Exercise brief
From the line containing "Luggage shipping solutions" down to the line containing "Großbrand in Kainraths", copy out the entries below exactly, both lines included, and nothing else; pictures do not belong in the copy.

Source records
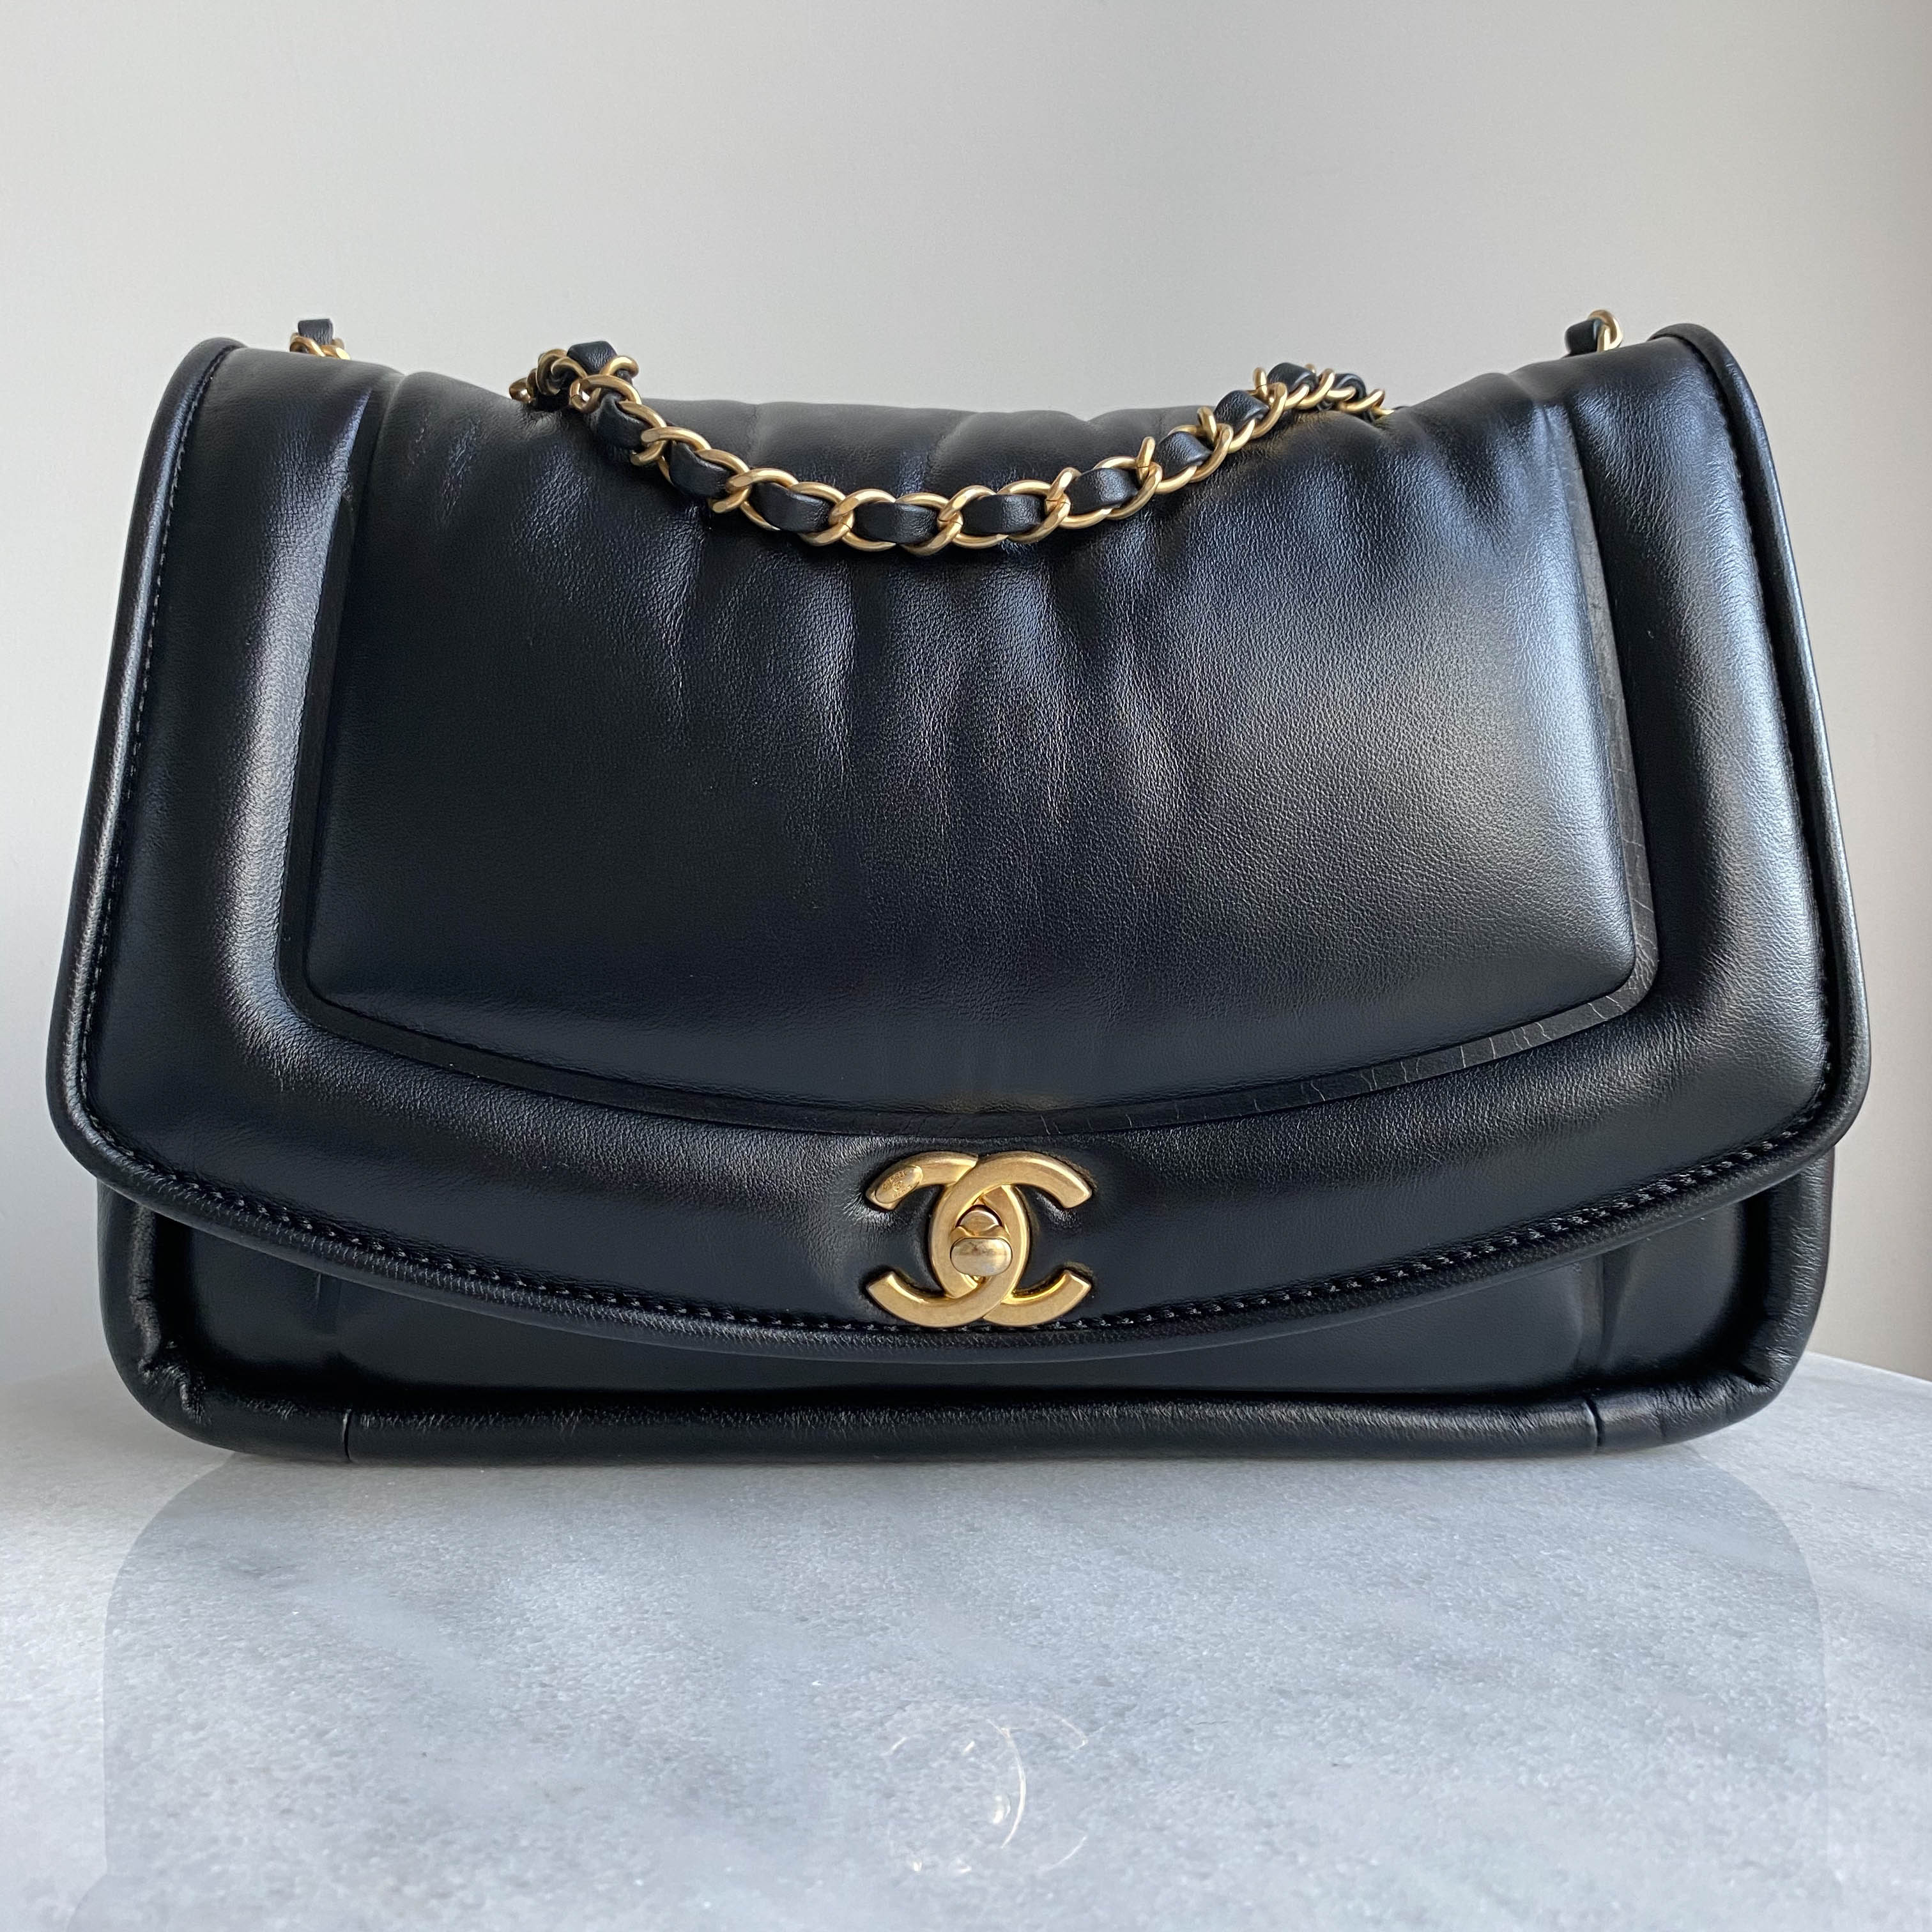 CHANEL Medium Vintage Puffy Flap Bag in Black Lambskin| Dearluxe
...
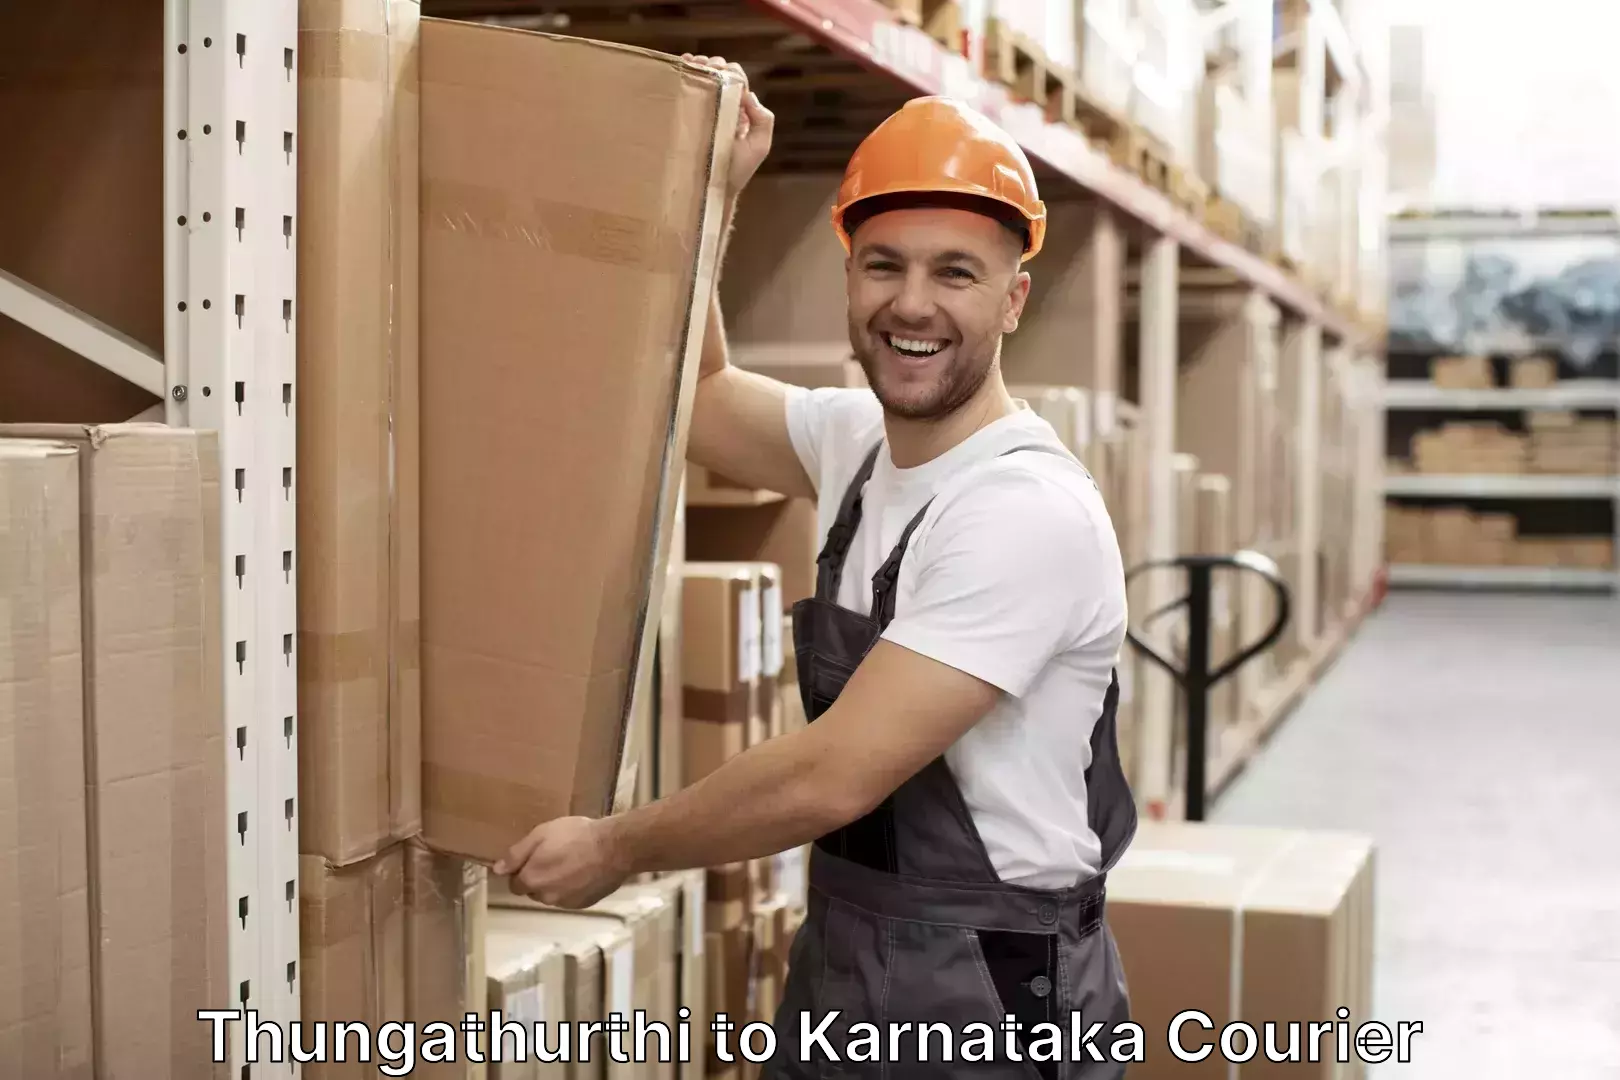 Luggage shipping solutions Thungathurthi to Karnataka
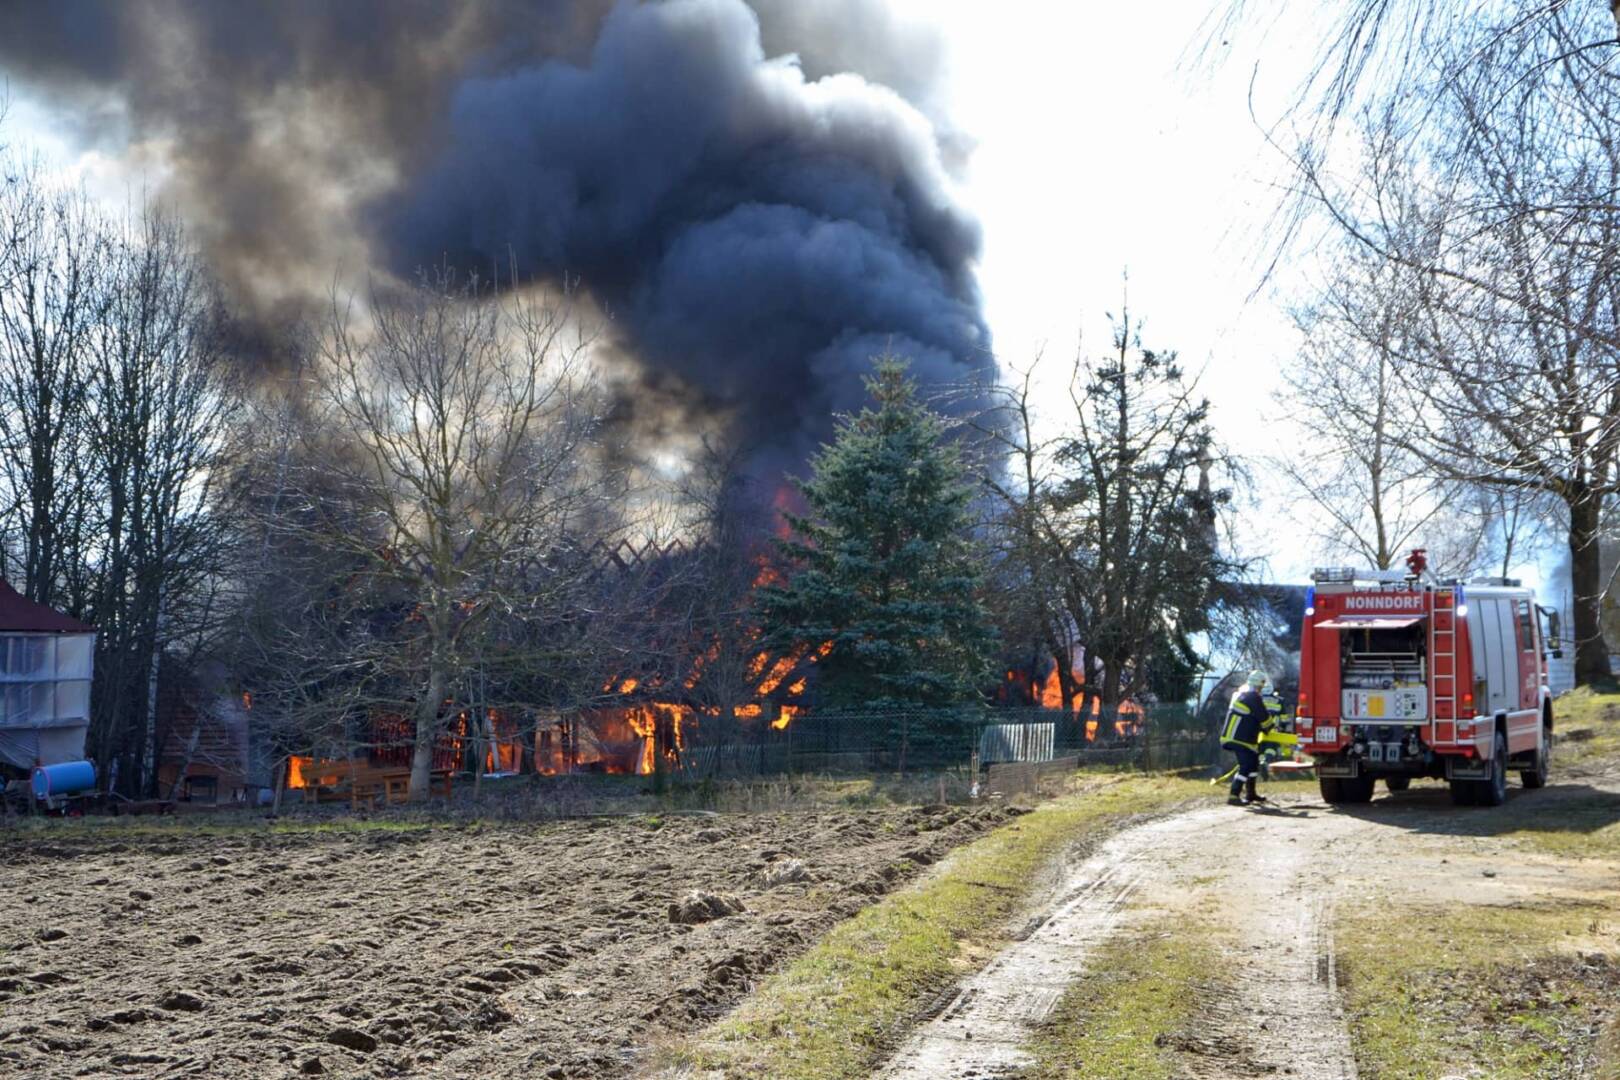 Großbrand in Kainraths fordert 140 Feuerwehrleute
---
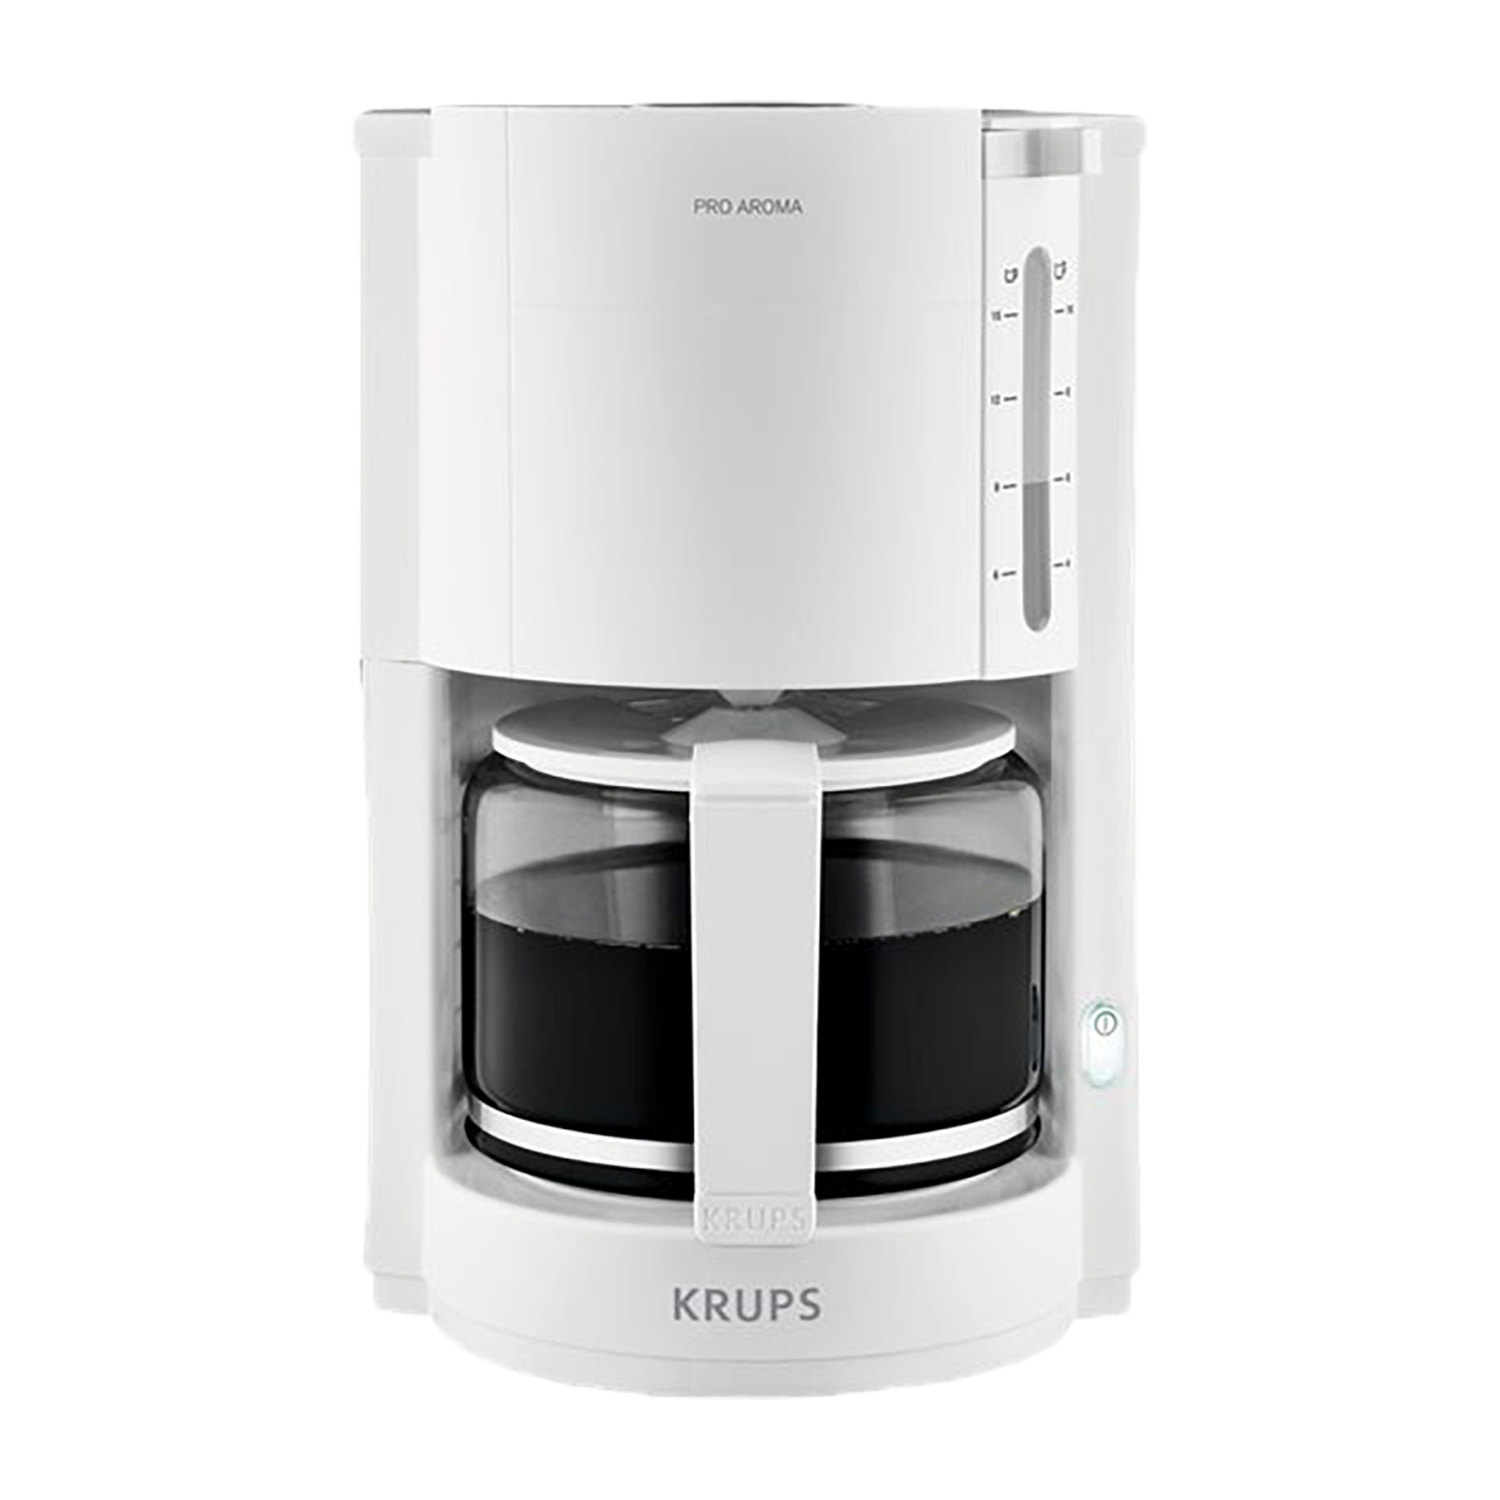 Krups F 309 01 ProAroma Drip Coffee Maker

Response to the task
 Luggage shipping solutions Thungathurthi to Karnataka
 Großbrand in Kainraths fordert 140 Feuerwehrleute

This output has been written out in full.